Given information Start Marker

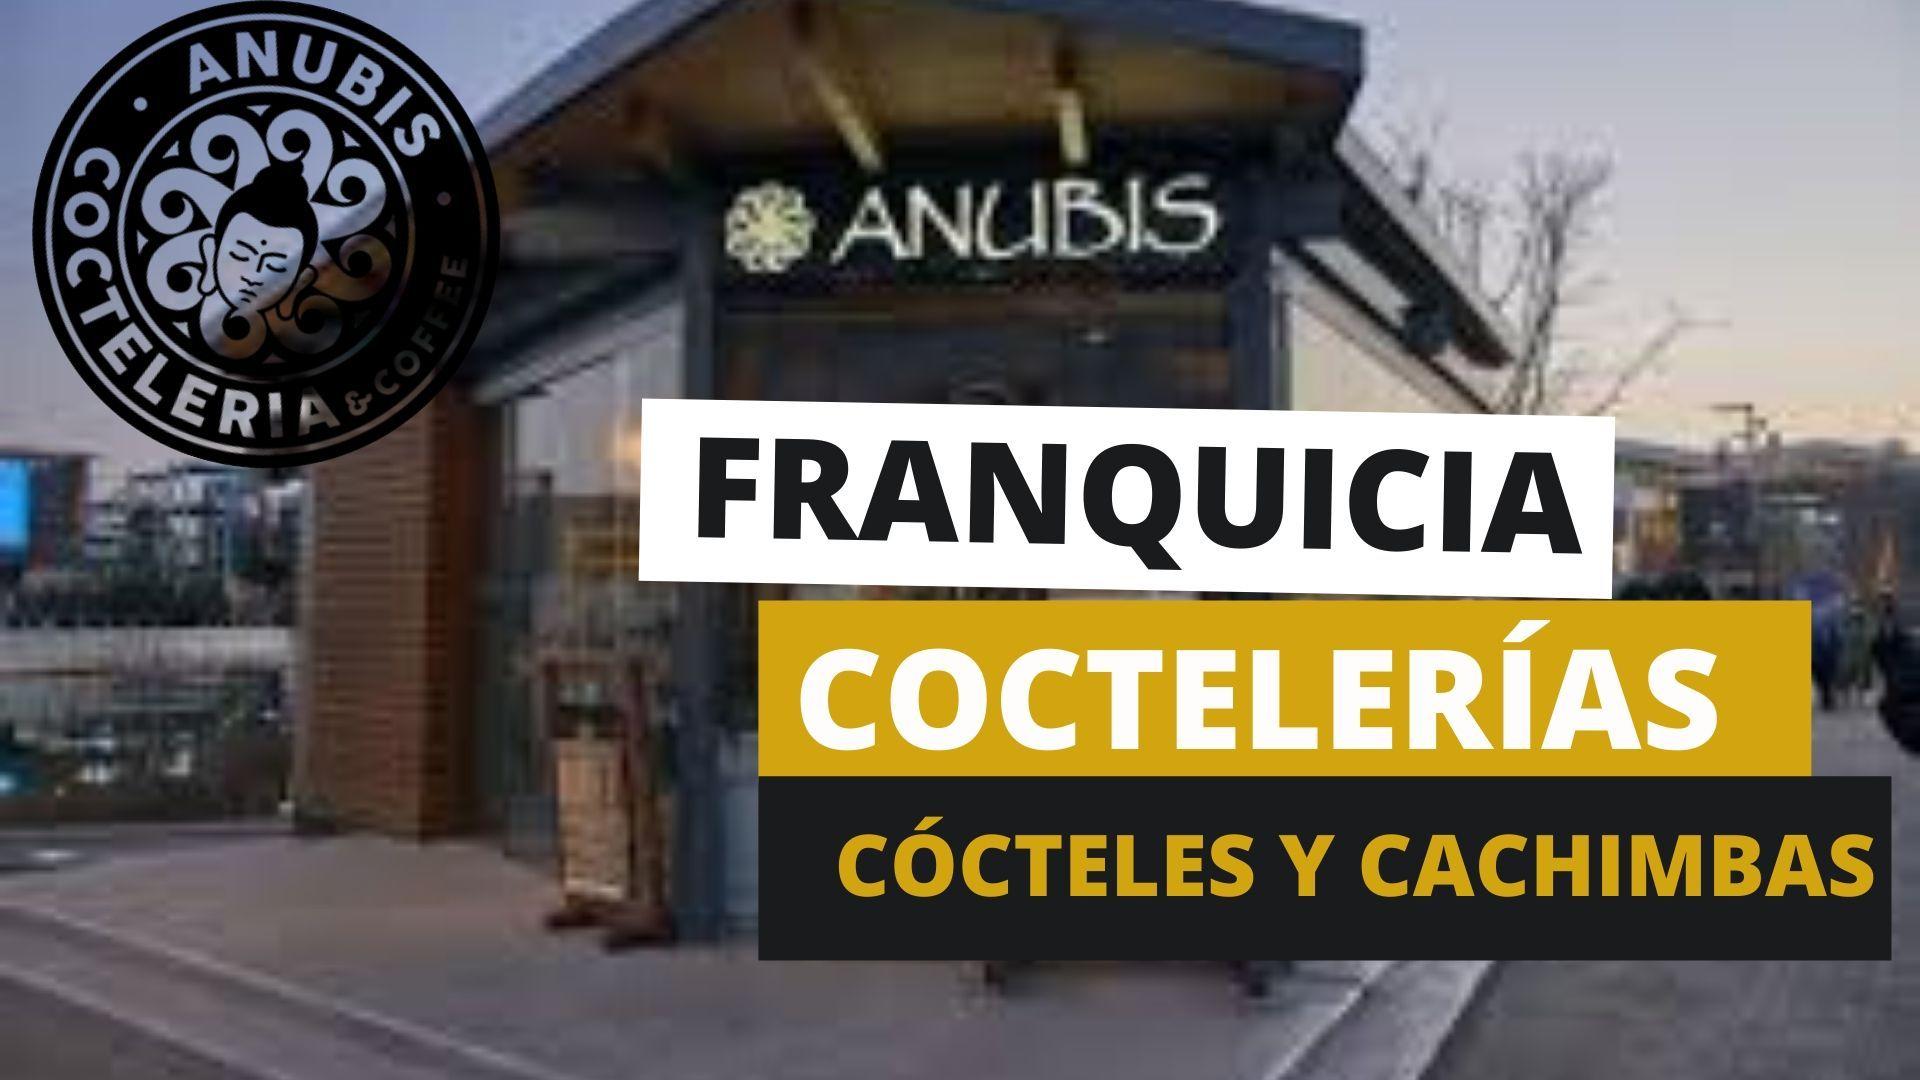 FRANQUICIA COCTELERIA MADRID
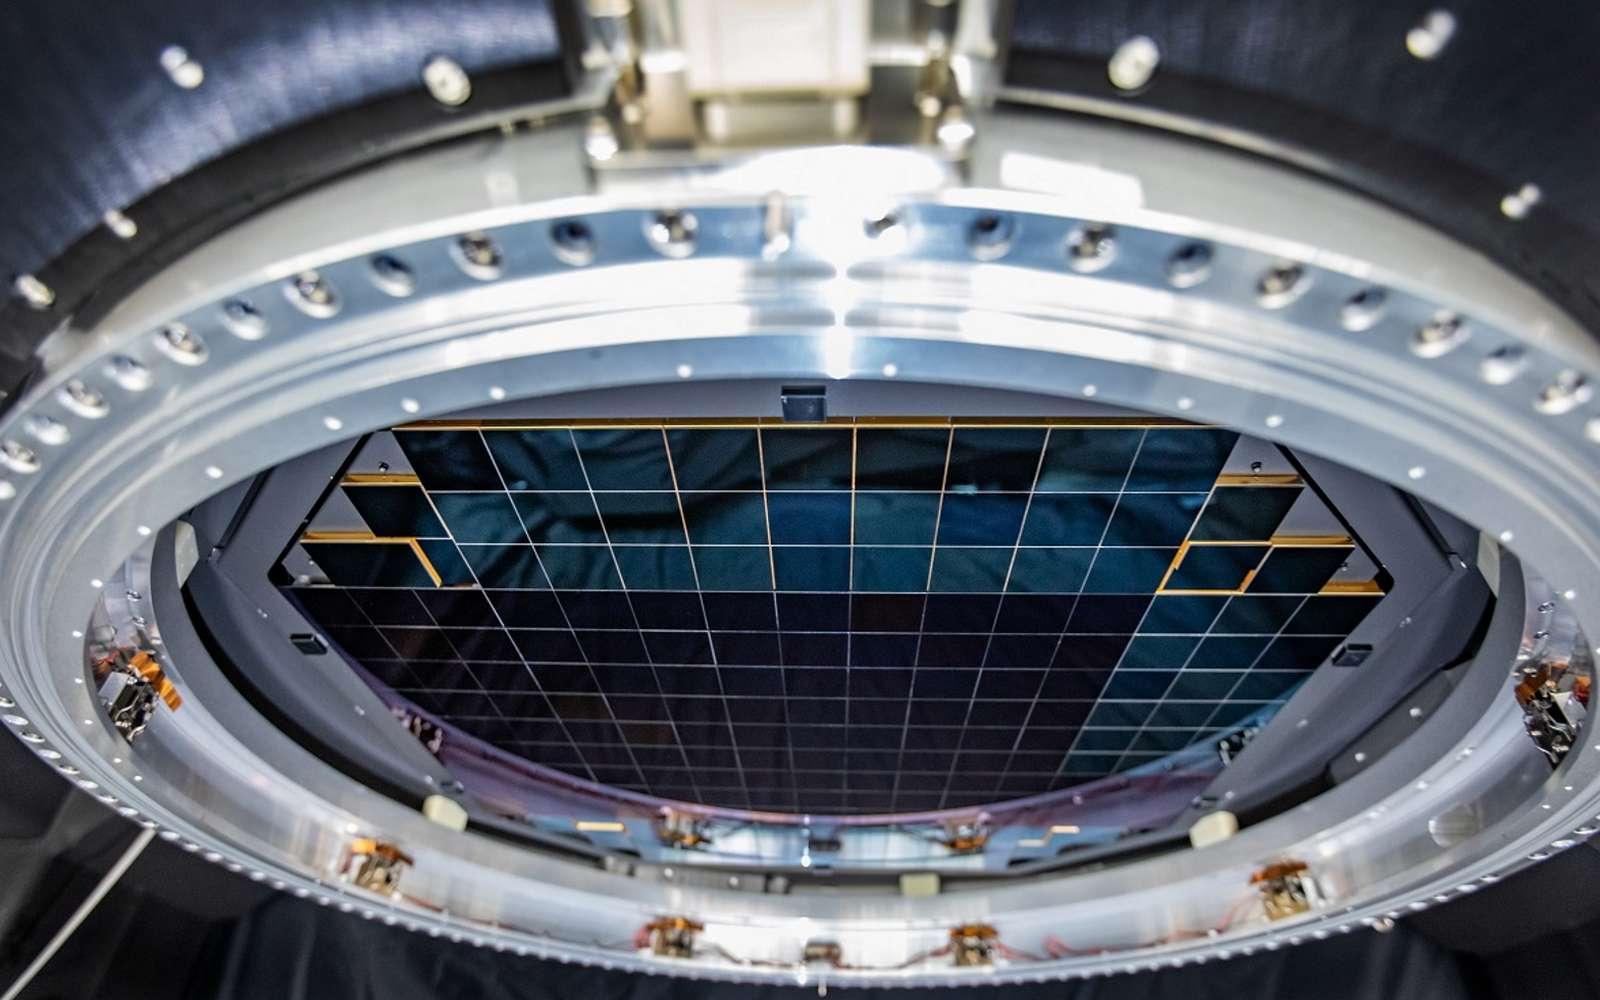 Pour atteindre 3.200 mégapixels, la caméra est composée d'un assemblage de 189 capteurs individuels. © SLAC National Accelerator Laboratory
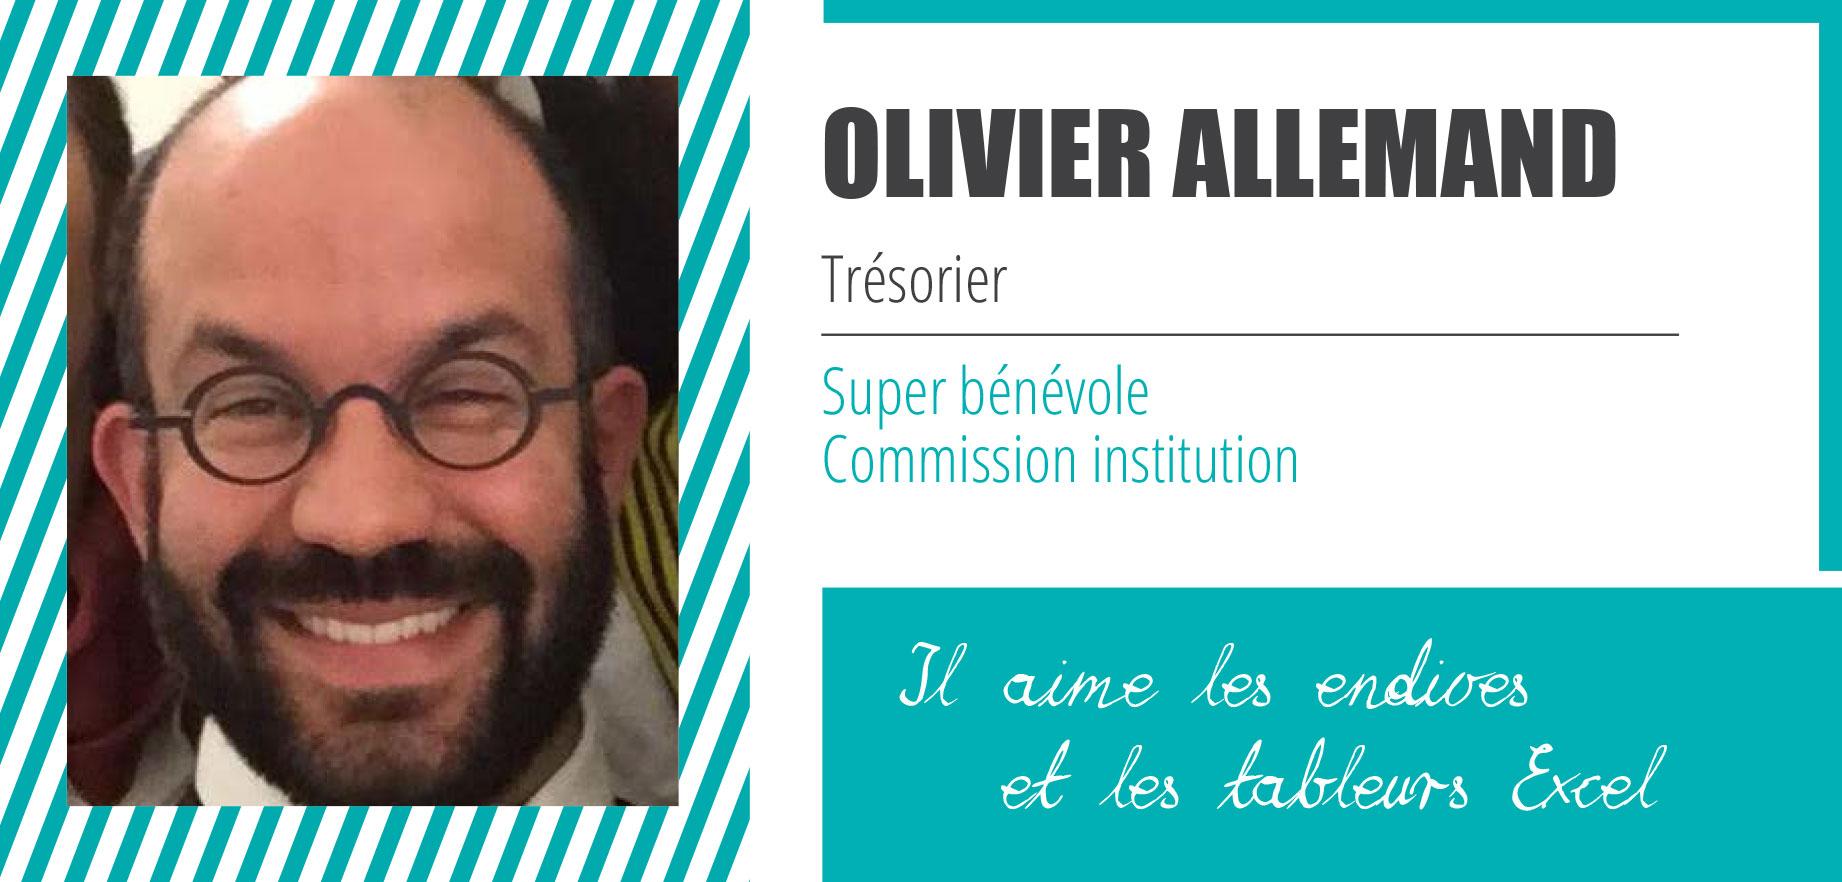 Organigramme_Olivier
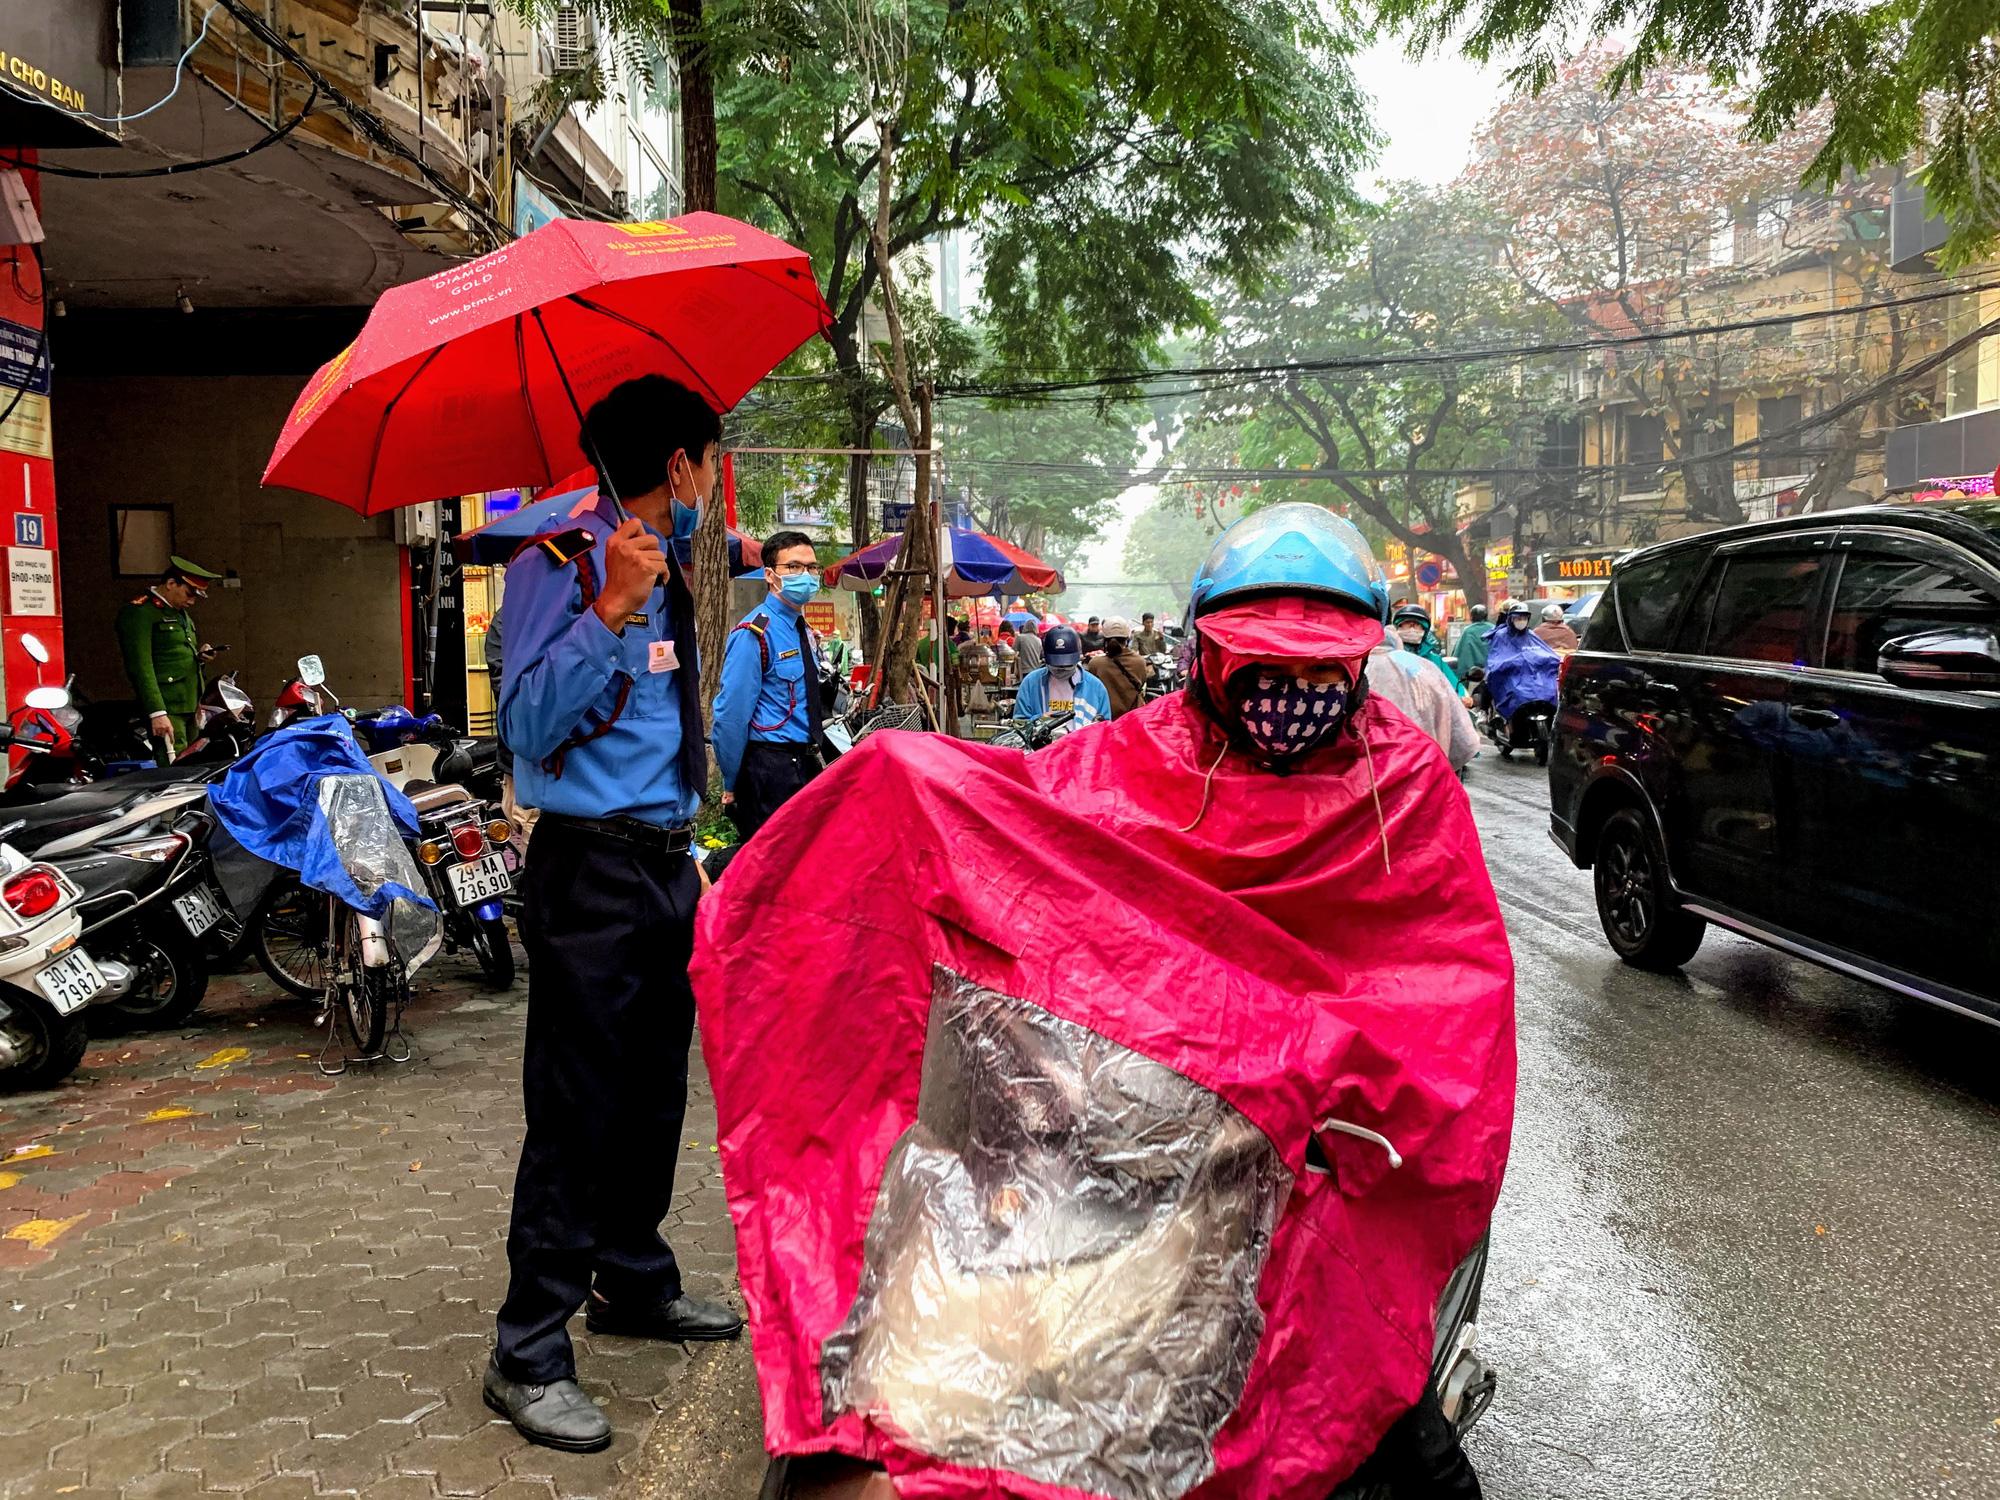 Giữa tâm dịch corona, bay từ Sài Gòn ra Hà Nội, đội mưa để đi mua vàng trong ngày Vía thần Tài - Ảnh 1.

Given information End Marker

Assigned task - Write the material out again word for word and omit any images.

Task solution -
 FRANQUICIA COCTELERIA MADRID
 Pour atteindre 3.200 mégapixels, la caméra est composée d'un assemblage de 189 capteurs individuels. © SLAC National Accelerator Laboratory
 Organigramme_Olivier
 Giữa tâm dịch corona, bay từ Sài Gòn ra Hà Nội, đội mưa để đi mua vàng trong ngày Vía thần Tài - Ảnh 1.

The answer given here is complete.